Jesteśmy zupełnie "normalnymi", wyluzowanymi ludźmi tworzącymi przestrzeń, którą sami chcielibyśmy napotkać na swojej drodze, przy zejściu ze szlaku:)
Czekamy na Was do późnej jesieni.
Wpadajcie, ślijcie wieści o Nas dalej.

Jimi
08-05-2015, 17:02
Zapowiada się ciekawie a już zdecydowanie przekonał mnie argument - "strefa wolna od SDM etc." :D :D :D

partyzant
08-05-2015, 21:39
Jako pesymista muszę stwierdzić, że pewnikiem nadchodzi czas apokalipsy.

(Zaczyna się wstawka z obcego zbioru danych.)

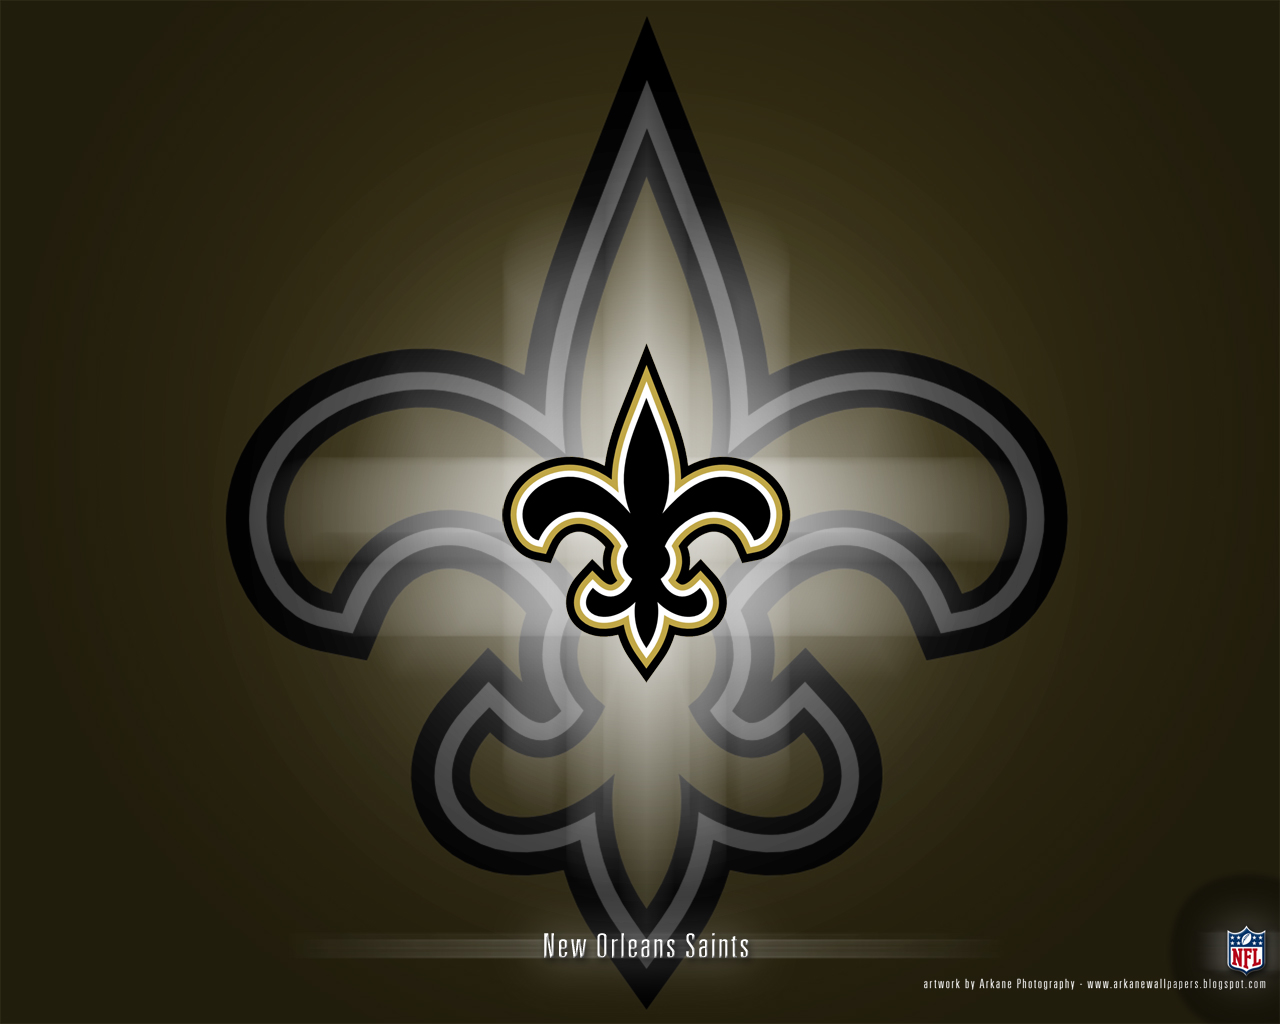 New Orleans Saints Vol

To wszystko nie może być prawda, pewnie jest jakiś haczyk...trzeba to sprawdzić.

diabel-1410
09-05-2015, 23:37
Yerba mate piję od ładnych lat kilku więc sorry ale tykwy i bombilli używam swojej lub żadnej.Z wegańskiego jadła uwielbiam golonkę po bawarsku :-) A i Bieszczady jakoś dobrze mi się z SDM komponują.Żyć też wiecznie nie zamierzam więc jedzenie bezglutenowe pozostawiam gwiazdom z pierwszych stron gazet i innych tabloidów.A co do wyrobów Ursa Major-urządziłem sobie będąc w Bieszczadach wieczór zapoznawczy z tym browarem i niezbyt przypadł mi do gustu.Wybaczcie proszę nazbyt może ostre słowa ale w moim wieku lepiej mówić wprost niż dusić w sobie bo to o wrzody lub zawał od tajonych emocji łatwo.
Ach i fajka wodna jest w ofercie.Jakoś nijak się to ma do zdrowej żywności.No ale może propagujecie palenie nie tytoniu a pięciolistnych listków z których sznurek się produkuje aliści też wolę produkty z drożdży zbóż i wody.Mimo wszystko powodzenia życzę bo zawsze jest to dodatkowy impuls dla Bieszczadów

Szkutawy
10-05-2015, 00:27
... po części się zgadzam...ale tylko z bombillą , golonką i tym życiem nie wiecznym.... :mrgreen:
Ps. Diabeł, ale masz cyferki postowe 777.... prawie jak 666;)

diabel-1410
10-05-2015, 20:44
Pozwoliłem sobie zajrzeć na ich stronkę - wiele to tam z obiecywanych cudów nie ma -no ale to stronka internetowa tylko.Nie spodobało mi się jedno zdanie w opisie lokalu i już teraz mogę stwierdzić że ich nie odwiedzę.
Przemolla już nie mam równo postowo ;-)

michalN
24-05-2015, 09:09
Jedzenie rzeczywiście jest super, ale ściszcie czasem "pozytywną muzykę", bo własnych myśli nie słychać a co dopiero uskuteczniać rozmowy przy piwie. Doświadczenia mam z ostatnich wakacji, więc jeśli teraz jest ciszej, to od raz odszczekuję.